Tip: Check in to one of the Altana suites, which boast a staircase to its own private roof terrace, and don’t miss out on the curated day trips to the nearby Murano island to learn the fascinating art of glass-blowing.
3. Il Palazzo Experimental
Set in a shipping company’s former headquarters on the sunny Zattere promenade, Il Palazzo Experimental is part of the Experimental Hotel Group, the French hospitality brand with a growing portfolio of restaurants, bars, and hotels around the world. The Venetian hotel features a design that heavily references by the city’s motifs and architectural details while staying true to a contemporary aesthetic. The Renaissance-era palazzo sat empty for many years and many of the original features, such as the doors to the rooms, have been preserved and updated with a fun, whimsical, maritime energy. It is the brainchild of Dorothée Meilichzon, who has added a seaside whimsy to the 32 rooms and suites. Terrazzo floors that pave the lobby nod to beloved local-born architect Carlo Scarpa, while sumptuous fabrics from Venetian brand Rubelli cover custom furniture in the rooms and retro-vibe cocktail bar, which was designed by Cristina Celestino.
Tip: Located in the artsy Dorsoduro neighborhood, don’t miss Anish Kapoor’s exhibition at the Accademia or the “Surrealism and Magic” show curated by Grazina Subelyte at the Peggy Guggenheim Collection, both just a short stroll away.
4. Belmond Cipriani
Set on the beautiful island of the Giudecca, the 96-key Belmond Hotel Cipriani boasts views of the Venetian lagoon and faces back at San Marco. The breathtaking property is the very definition of luxurious perfection. Plus, the center of Venice is easily reached in five minutes thanks to the hotel’s complimentary private launch.

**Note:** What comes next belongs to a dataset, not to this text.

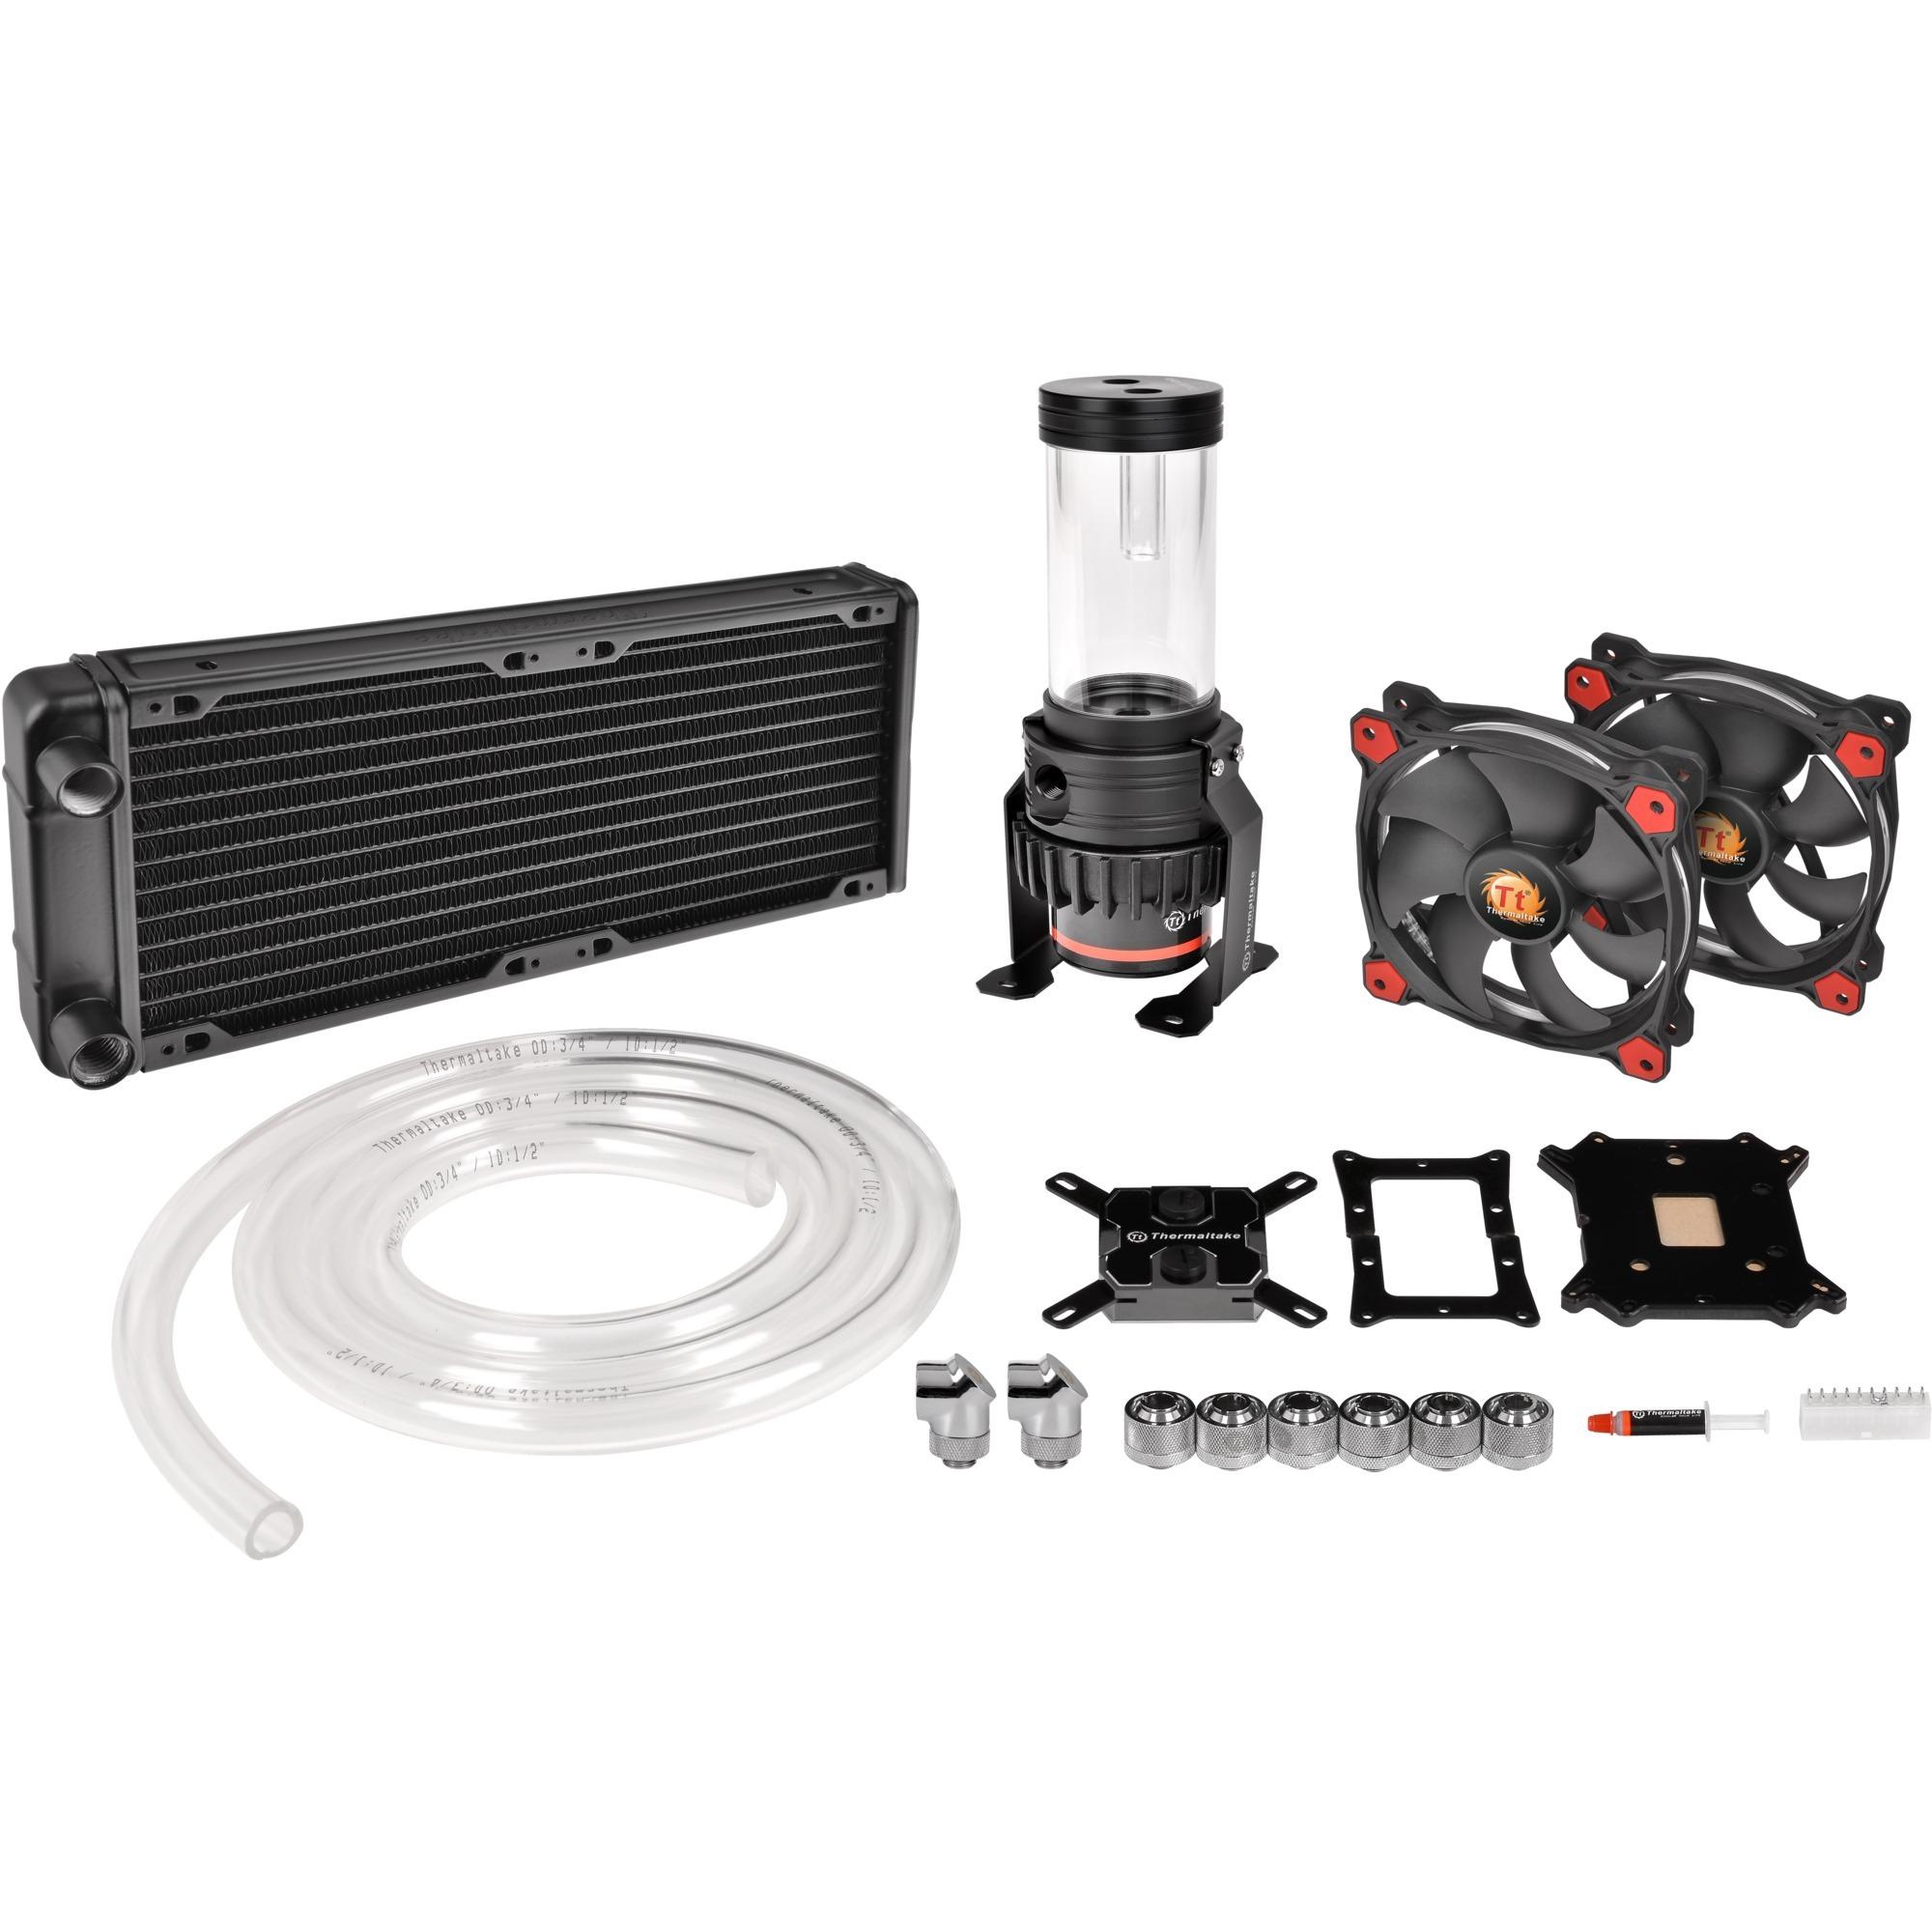 Pacific Gaming R240 Processeur eau et gaz réfrigérants, Refroidissement par eau
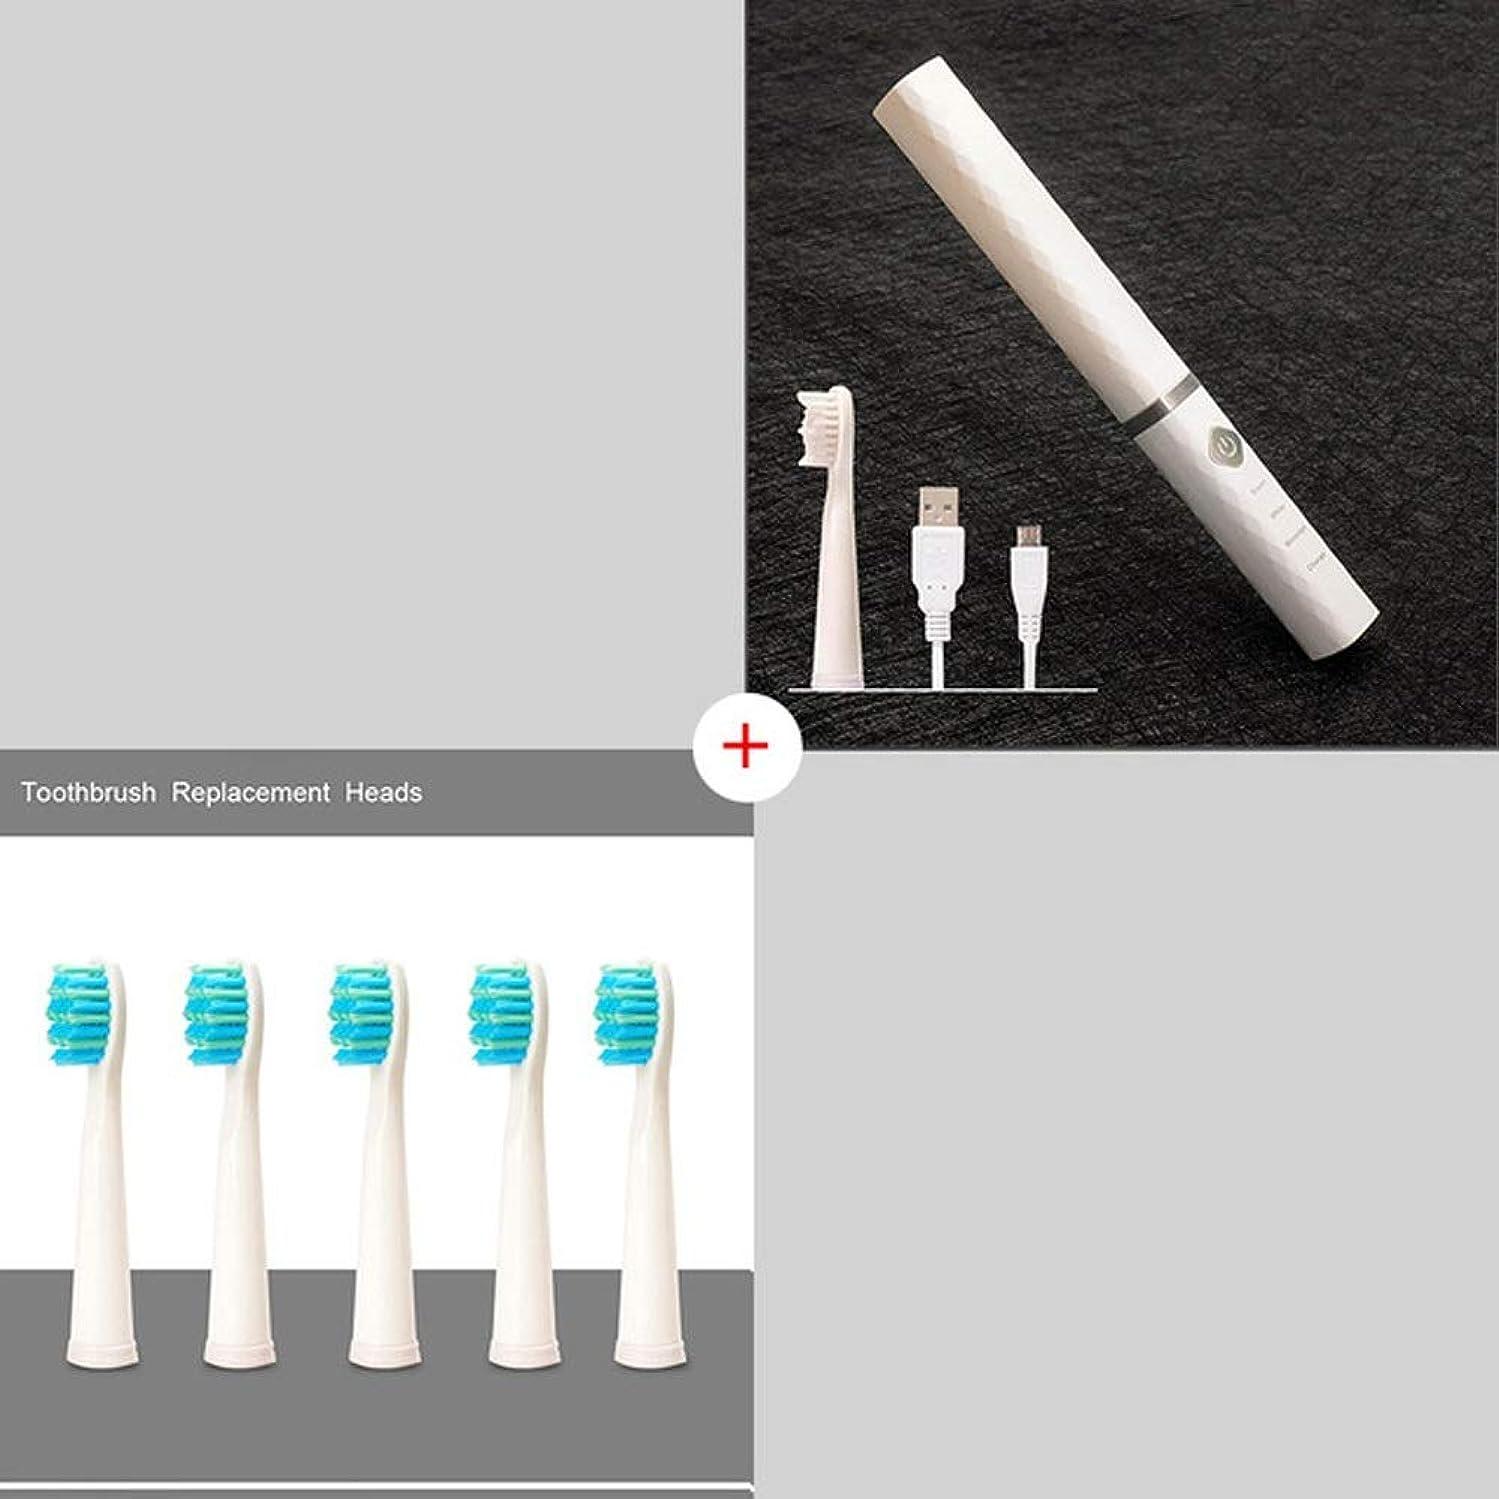 提出するロッカー海上BeTyd の電動歯ブラシきれいな白くなる歯携帯用電動歯ブラシファッションデザインスマートチップ充電式 (Color : White5Heads)

Tip: Belmond has debuted an exciting partnership with internationally acclaimed art gallery Galleria Continua. Make sure to pay a visit to Cipriani’s Casanova gardens during the Biennale, where the celebrated Indian artist Subodh Gupta’s monumental “Cooking the World” installation has transformed the space.
5. Baglioni Hotel Luna
Dating back to the 12th century, the Baglioni Hotel Luna is the considered the oldest hotel in Venice, beginning its life as a church and playing host to the Knights Templar of the Crusades in 1118. By 16th century, the property was known as Locanda della Luna, or the Inn of the Moon. The destination has just reopened following an extensive property redesign, just in time for the summer reason. There is also a new restaurant, Canova Restaurant by Sadler, headed by the famed Michelin-starred chef Claudio Sadler, while the property’s common areas have been reimagined, including the entrance, lobby, reception and Canova Bar.
Tip: Don’t skip breakfast, which is served in the magnificent Marco Polo ballroom underneath frescoes by Giovanni Battista Tiepolo and his pupils that were created in the 18th century. Masterpieces by Italian renaissance painters adorn the entire pink and blue hued room.